Figure 1. The timed kernel for a measurement of cache size, using stride-4 accesses.

- 1. The block (line) size b of the cache is a power of two in bytes, with  $b \geq 4$ . The block-offset function B() is a bit-selection function, with B(x) = x&(b-1). (This is the typical mechanism by which a cache optimizes spatially-local accesses.)
- 2. The cache has associativity a. There are S sets in the cache and S is a power of two. So the total capacity C of the cache, measured in bytes, is given by C = Sab. Note: C and a are not necessarily powers of two.
- 3. The set-index mapping function M() is not necessarily a bit-selection function. However all elements of any aligned array of size C can be cache-resident simultaneously, implying that the function M() maps aligned address ranges of Sb bytes uniformly, with exactly one memory block of b bytes mapped to each of the S sets in the cache. So M() may be expressed as the functional composition of an S-permutation  $\pi_{x/Sb}$ :  $M(x) = \pi_{x/Sb}((x/b)\&(S-1))$ . Note that the permutation  $\pi_{x/Sb}$  may be the identity map, in which case the usual bit-selection function is employed for M(). Non-trivial  $\pi_{x/Sb}$  have been proposed elsewhere [7].
- 4. A cache-miss on a read access will always cause the referenced block of data to be brought into the cache, displacing at most one "old" cache line according to either a LRU or a FIFO replacement algorithm. A cachemiss on a write access will cause the referenced block of data to be brought into the cache if and only if the primary cache has an "allocate on write" policy.

- 5. Though a cache hit on a read access will never issue a access to other deeper memory layers, a cache-hit on a write access to primary cache will cause a write access to a deeper layer in the memory hierarchy (i.e. to secondary cache, primary memory, or secondary memory) if and only if the primary cache has a "write-through" policy.
- 6. The time required by a cache miss on a read is at least 20% larger than the time required by a cache hit on a read. The time required for a cache miss on a write is at least 20% larger than the time required by a cache hit on a write, if the cache does not employ a "write-through" policy. If, instead, the cache employs a "write-through" policy, then the time required for a write access to primary cache is not significantly affected by whether the data is present in the primary cache.
- 7. The secondary cache can be disabled, if desired, to increase the accuracy of estimation of cache parameters other than the miss penalty. (Note: we have disabled secondary cache in our experiments on the Pentium and Pentium Pro workstations, described in this paper.)

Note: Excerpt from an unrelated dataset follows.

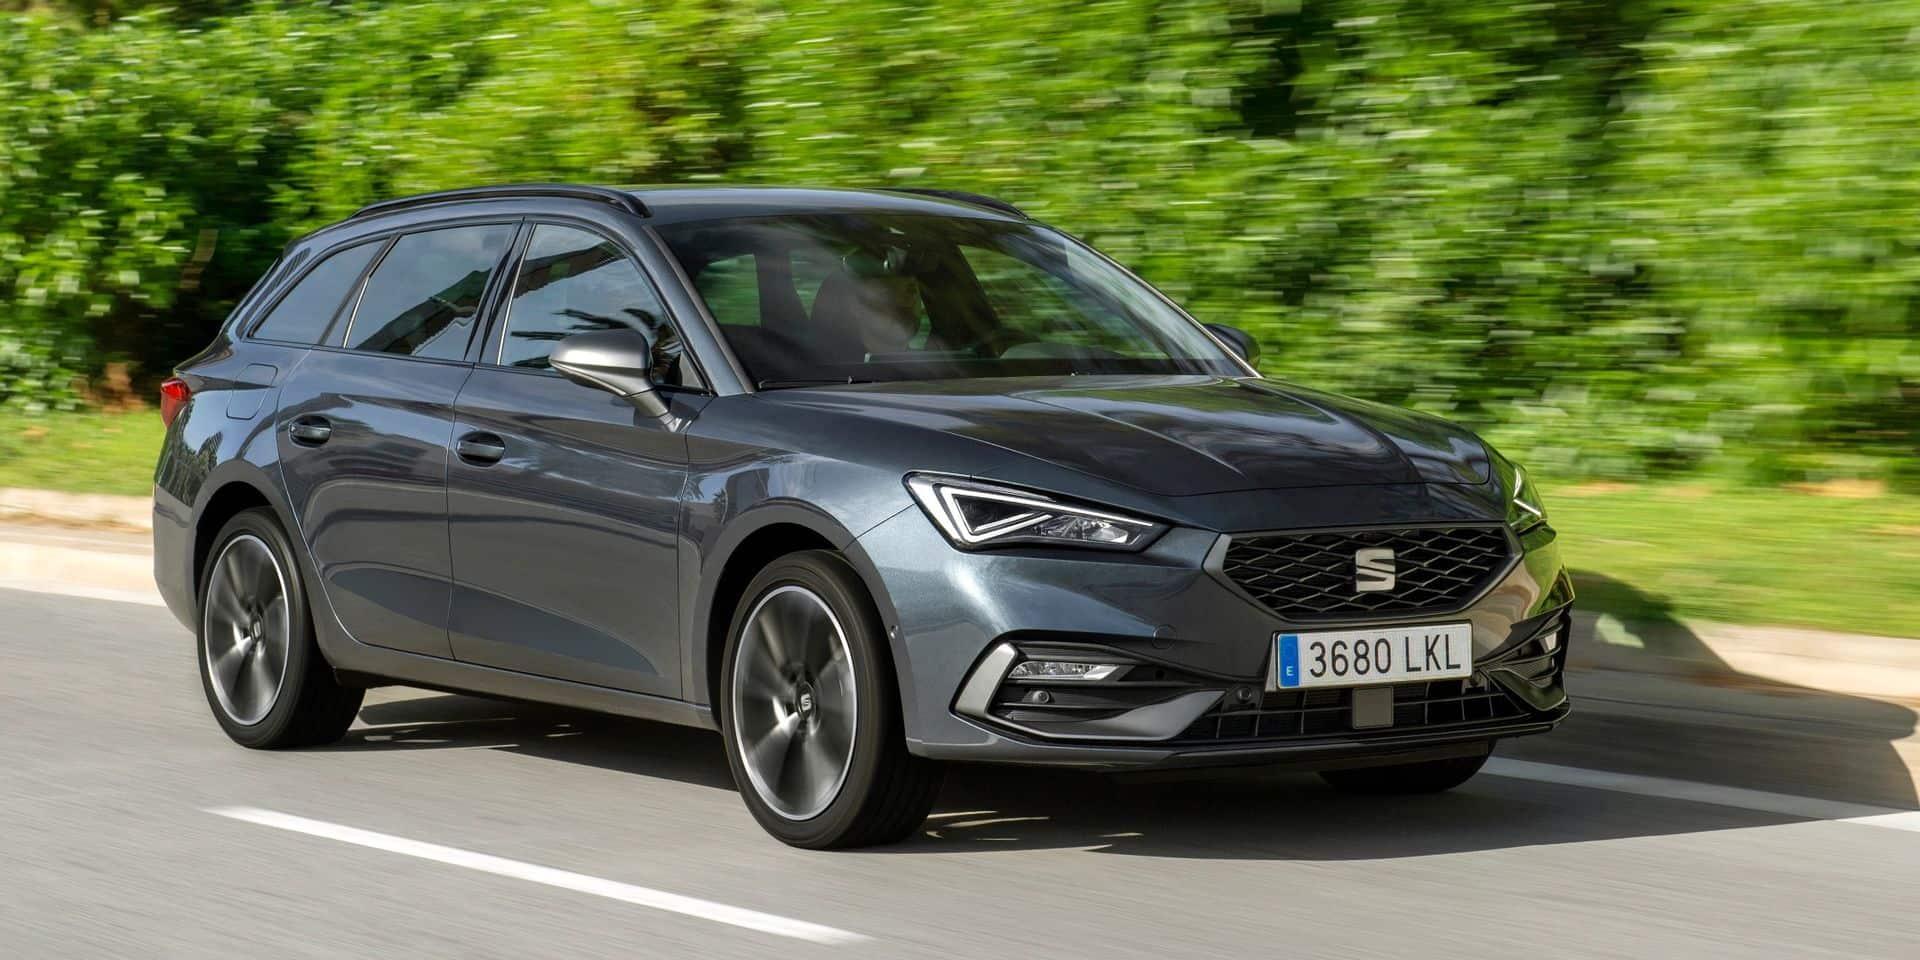 Essai auto Seat Leon Sportstourer e-Hybrid : La preuve par 4,6

In addition to the parameters and variables defined above, our microbenchmarks use the variables defined in item 1 below. We estimate the parameters defined in items 2 through 4.

- A total of R distinct elements are referenced in an array holding a total of N elements, where each element is a 4-byte long. The value of N and R are different in each of our benchmark.
- 2. The average cache-read (resp. write) hit-access time for a particular access will be denoted  $t_r$  (resp.  $t_w$ ), and is measured in nanoseconds. Note: our microbenchmark estimates of  $t_r$  and  $t_w$  are for cache bandwidth-bottlenecked computations such as the first loop of Figure 1. We write  $t_r'$  and  $t_w'$  for the somewhat larger, latency-influenced, estimates arising from the loop of Figure 5.
- 3. The average cache-read (resp. write) miss penalty is denoted by  $t_{pr}$  (resp.  $t_{pw}$ ), measured in nanoseconds, for our bandwidth-bottlenecked loops. We write  $t_{pr}'$  and  $t_{pw}'$  for the somewhat larger, latency-influenced, estimates of miss penalty arising from the loop of Figure 5. Note: in our experiments on the Pentium and the Pentium Pro, we have disabled secondary cache, so our measured miss penalties are a reflection of access bandwidths and latencies to primary memory (DRAM), not of bandwidths or latencies to secondary cache.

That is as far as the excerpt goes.